И вот в самом начале 90-го года мы приехали в Прагу. Работать. Оба - собкорами. Сразу после чешской "бархатной революции", победившей под лозунгом, который был так по душе: "Правда и любовь победят ложь и насилие". Да какая революция имела такой гуманный лозунг?! Красавица Прага. Злата Прага. Его Прага. А недалеко от нашего дома, на Пшикопе - большой плакат: "Иван, go home!". Наконец чехи вслух могли сказать все, что они думали о наших танках, в 68-м раздавивших "чешскую весну". Знакомая чешская журналистка спокойно, с улыбкой предупреждает: "Старайся не говорить по-русски". Приехала ко мне ленинградская подруга, захотела купить дочери пальто. Я сказала: "В магазине ты только знаки мне подавай, ни одного слова по-русски, ты - немая". Ким быстро схватывает язык, он деятелен, бодр, уже написал первую статью, основанную на разговорах в пивбаре. Я - немая. А мне же ходить по магазинам за продуктами - без слов не обойдешься. Встречают хмуро, исподлобья. Но я же знаю, что все чехи в обязательном порядке изучали в школах русский! Вот и подтверждение. Захожу в магазинчик рядом с домом, называю нужные продукты. А продавщица громко и чисто по-русски: "Я вас не понимаю!". Да это же просто издевка! Ухожу с пустой сумкой, дома говорю Киму: "Я больше не могу. Я им танки не посылала, а они танки будто все на моей спине, хожу согнувшись. Все, я еду домой". И вдруг Ким, мой Ким, вместо ожидаемых слов поддержки, утешения или просто шутливых поддразниваний, на которые был горазд, говорит мне прямо глядя в лицо, строго, жестко, как чужому: "Ты знаешь, что такое для меня Прага. Но если ко мне подойдет чех и плюнет мне в лицо (я замерла: он же такой самолюбивый, убьет!)... я его пойму. Мы с тобой, как те семеро смельчаков в августе 68-го года, с протестом на Красную площадь не вышли. Вот помни это и с этим здесь и живи".

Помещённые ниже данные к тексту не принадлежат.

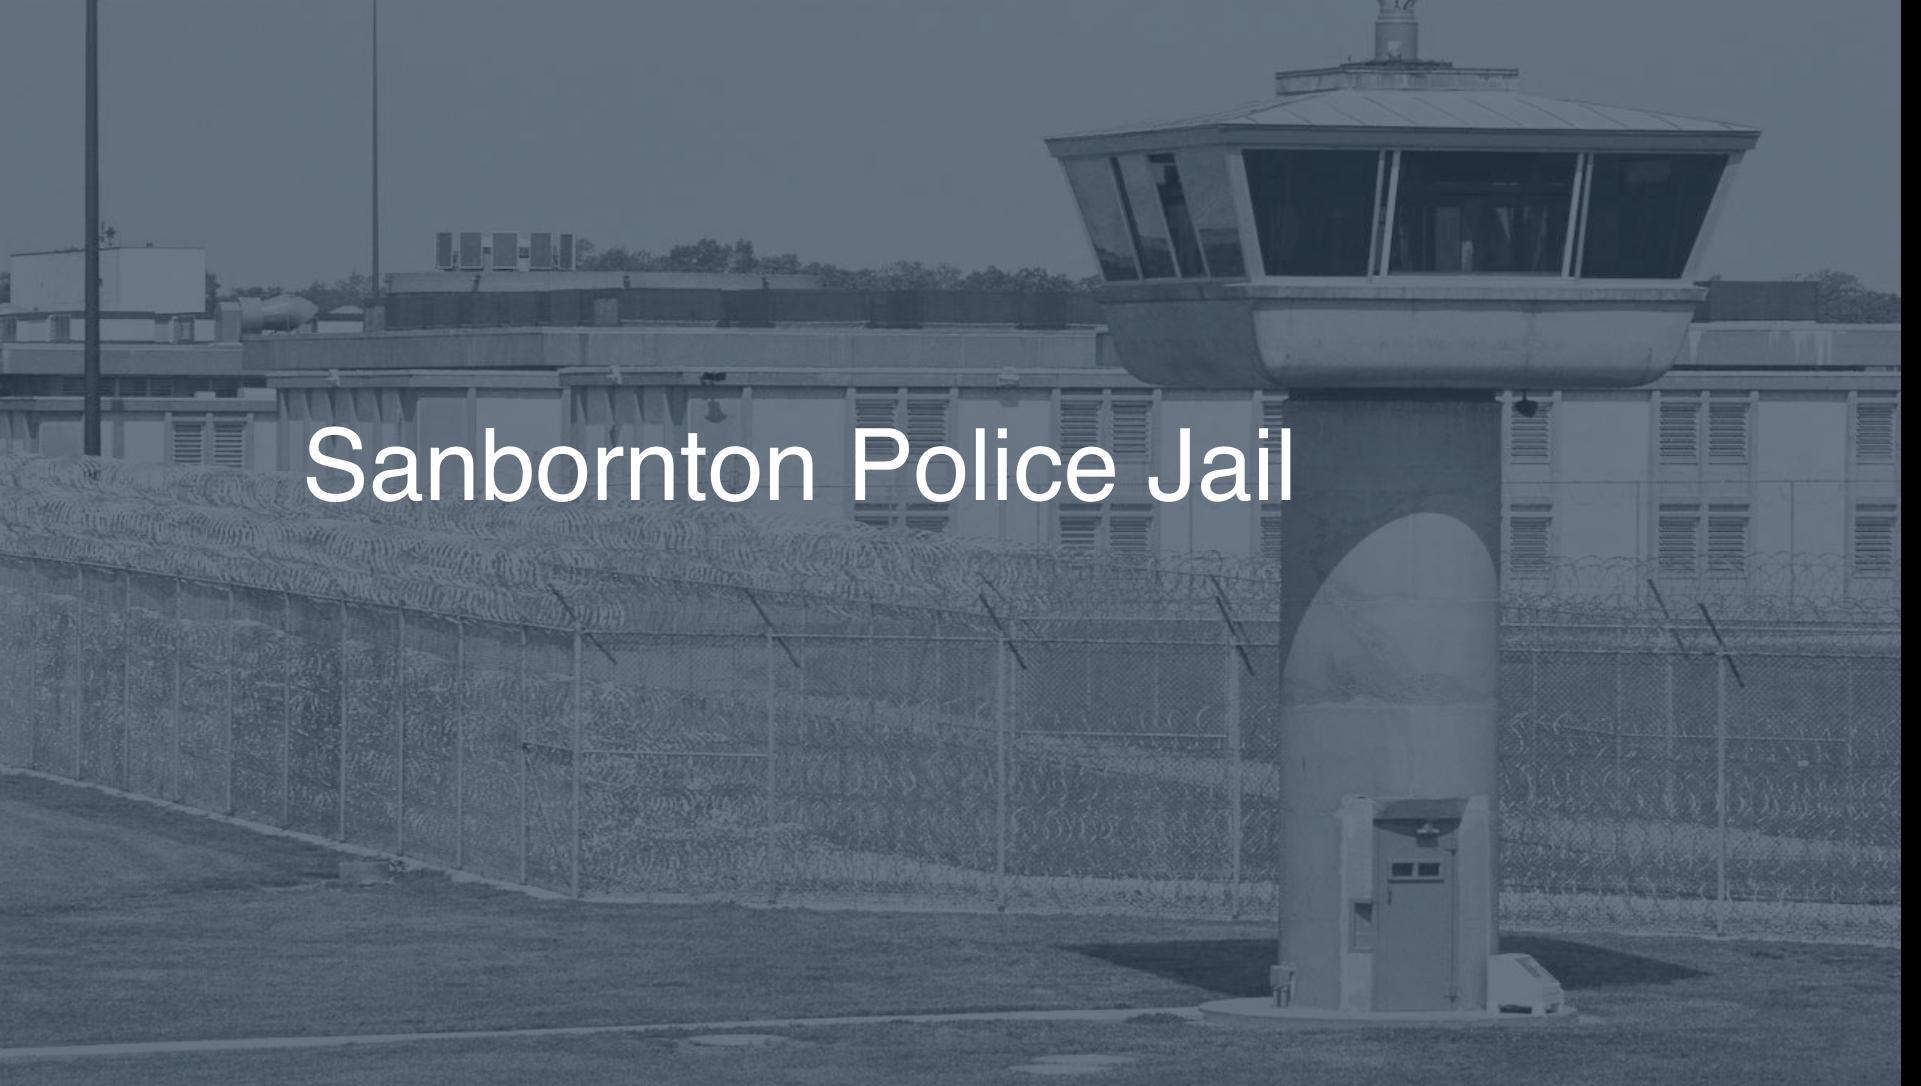 Sanbornton Police Jail correctional facility picture

Как жить теперь без Инны Павловны?
Не врать. Заботиться друг о друге. Поддерживать друг друга. Заступаться за тех, кому плохо. Найти в себе силы и мужество не участвовать в бесчестных делах. Хотя бы это, хотя бы так.

Николай Ефимович:
Слова горьки и бессмысленны. И все же...
Однажды с Галей Сапожниковой мы рванули к Инне Павловне. Купили цветов – все искали, чтобы хоть чуточку были похожи на полевые. Почему-то казалось, что именно такие должны ей понравиться. Прихватили новые книжки: без них невозможно было появляться на пороге ее квартиры. Она просто-таки требовала держать ее в курсе новинок, особенно если речь шла о мемуарах. Как-то попросила найти воспоминания Азы Аликбековны Тахо-Годи, вдовы философа Лосева. Всё никак не удавалось, и я даже заикнулся, что, может, это скучно – ну что может написать жена философа... Ну что ты?! - услышал в ответ и все понял. Через несколько дней редкая книга была у нее.

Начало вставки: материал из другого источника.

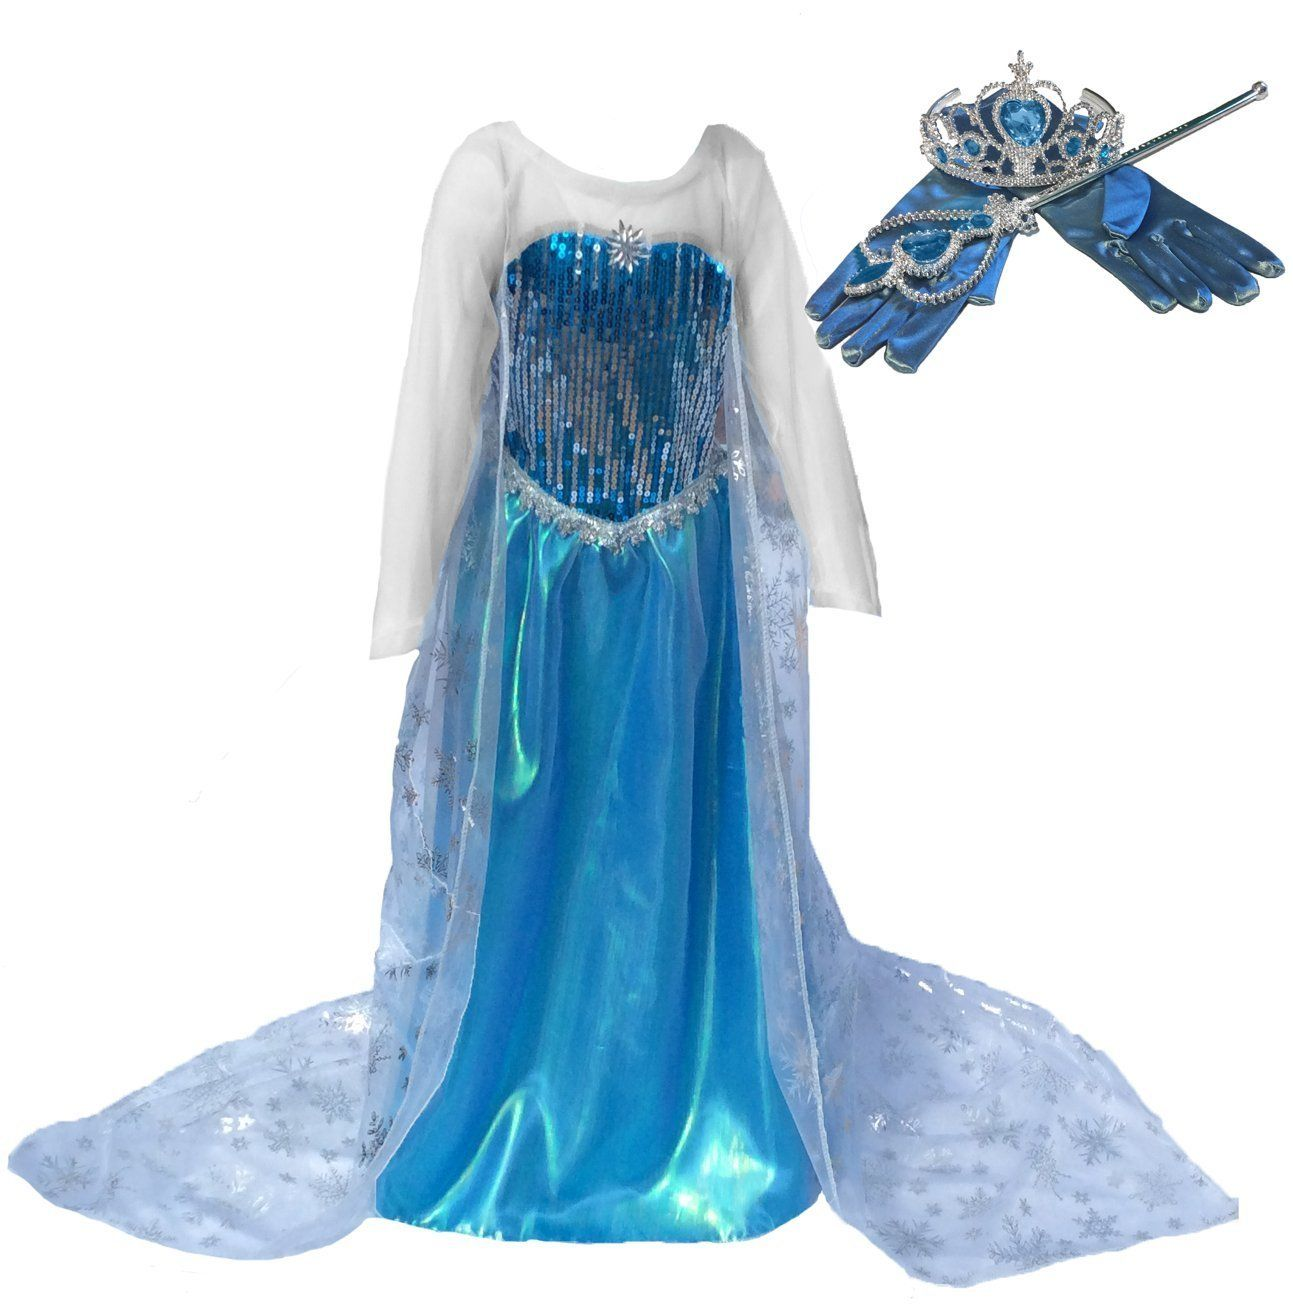 Amazon.com: Ice Princess Long Cape Dress up Set Costume (Ages 11 ...

Мы с Галей в тот вечер в один голос уговаривали ее написать свою книгу воспоминаний. Ведь даже за те несколько часов в ее рассказах было столько всего удивительного, столько – не побоюсь слова – уникального. А она упрямо отмахивалась, нещадно курила одну сигарету за другой и продолжала не столько вспоминать, сколько расспрашивать обо всем — о редакции, о жизни... Ни разу за весь вечер (мы сидели на уютной кухне с ее прекрасным котом, за рюмкой водки с правильной картошкой-селедкой) она не дала понять, что ей трудно, неинтересно, что давит возраст. А ведь уже не выходила из квартиры. Она была такой компанейской, дружеской и жизнерадостной, такой своей, никакой ни легендой 6-го этажа и всей советской журналистики, что до сих пор чувствуешь привкус этого счастливого настроения. Лишь изредка поглядывала на наш букет. И мы поняли, что он ей нравится.

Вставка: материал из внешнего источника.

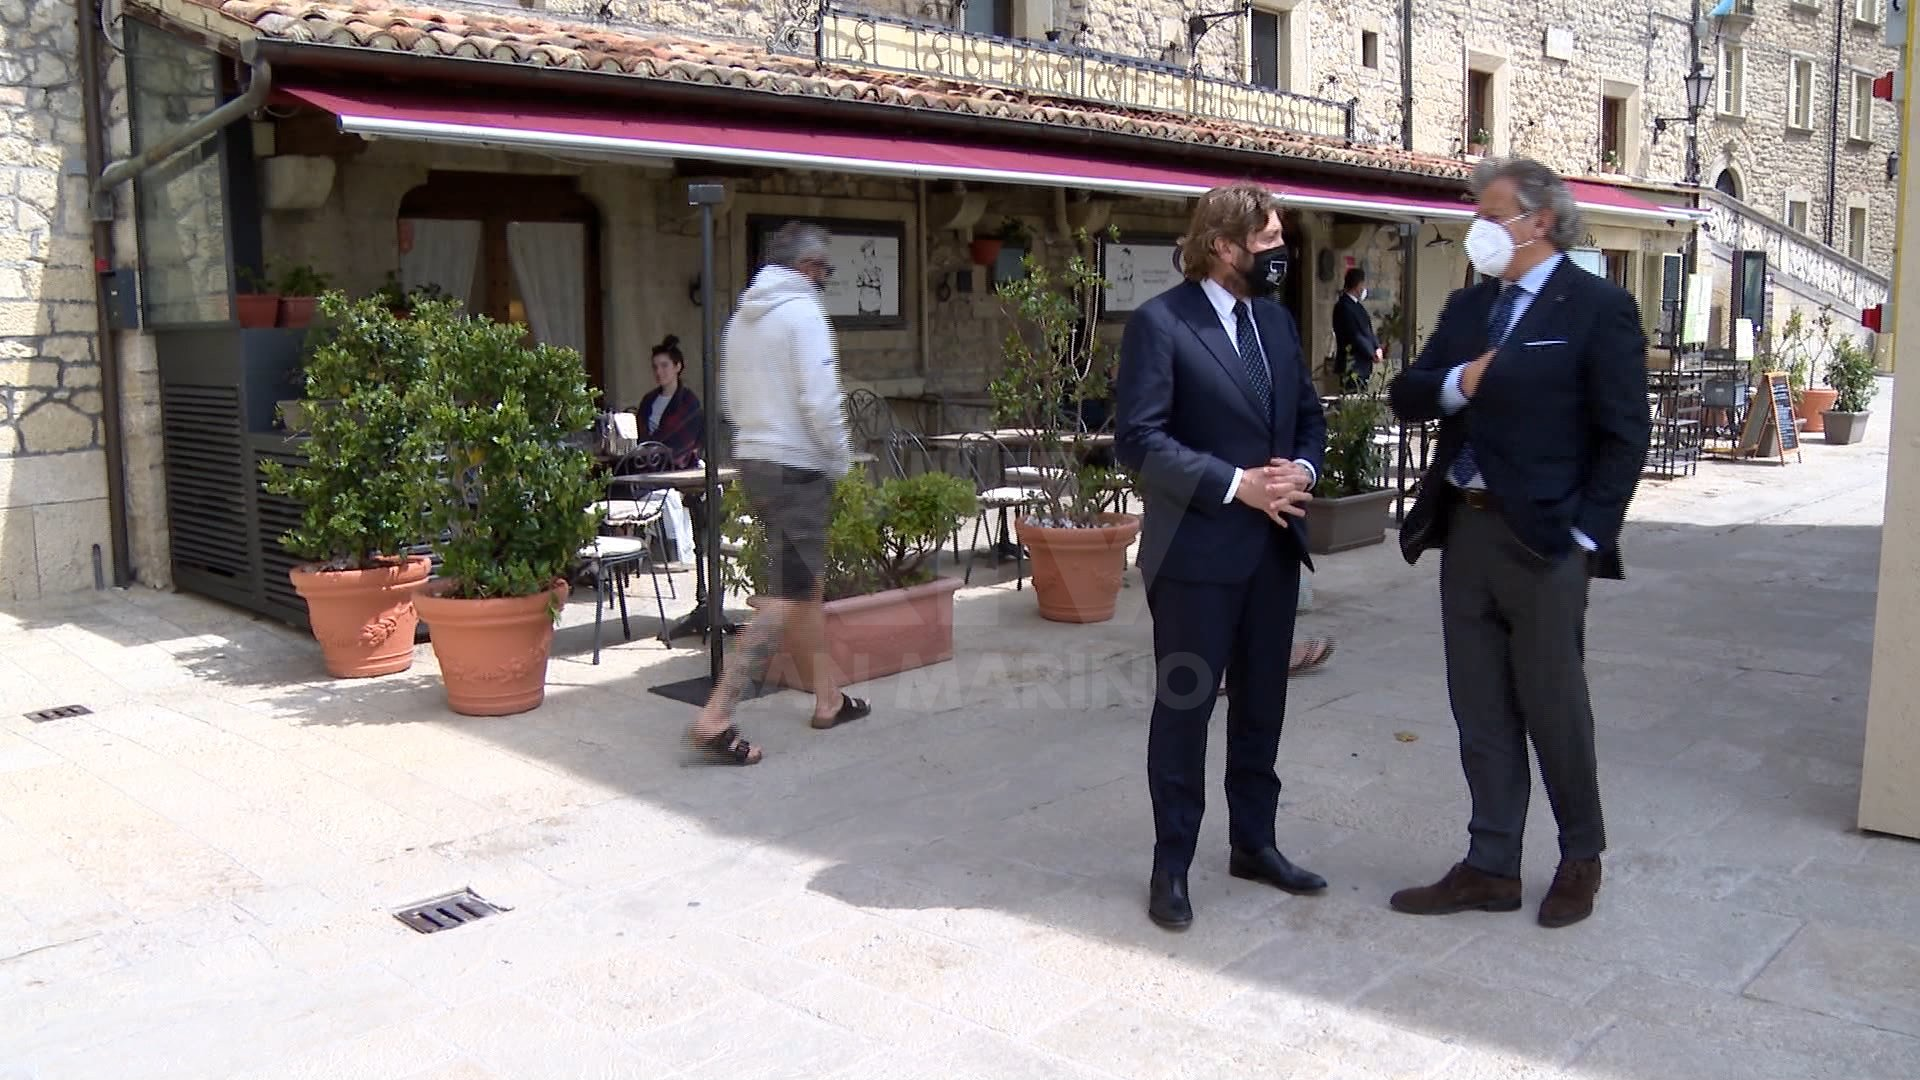 Federico Bidini Amate and Gianni Indino unite at a test event in San Marino

В какой-то момент я решился сделать все же несколько кадров. И она вдруг согласилась, хотя очень не любила фотографироваться. Мы ведь не знали, увидимся ли еще вот так. И долго-долго прощались. Так не хотелось уходить в уличную суету!
 Она нас проводила до двери, стараясь незаметно касаться стены. Ноги уже совсем подводили. Это было не в ее характере - показывать слабость. Она была гордой. И очень родной...
И до конца оставалась очень хорошим человеком. Я даже не знаю, что мне больше греет душу — или ее  легендарные очерки или вот эта потрясающая хорошесть . Талантливых людей немало, а вот чтобы сразу и талантливые и хорошие — редкость.
Спасибо, Инна Павловна!

Николай Андреев:
Ушла Инна Павловна Руденко.
Огромная потеря.
И столько сразу нахлынуло воспоминаний – о её материалах, каждый из которых становился событием. О долгих разговорах у неё на кухне – одно время я часто бывал у неё. О её обаятельном смехе. На новогодних капустниках её всегда сажали в первый ряд – она захохочет и весь зал следом. О том, как она написала на четвёртой странице моего материала – «Дальше читать невозможно!» Я был студентом журфака и пробовал себя в «Комсомолке». А лет через десять мы делили один кабинет, и я видел, как она работает... А пройдёт много-много лет, и я буду редактировать её материалы в «Общей газеты». Хотя редактура чисто условная – язык её был безупречен...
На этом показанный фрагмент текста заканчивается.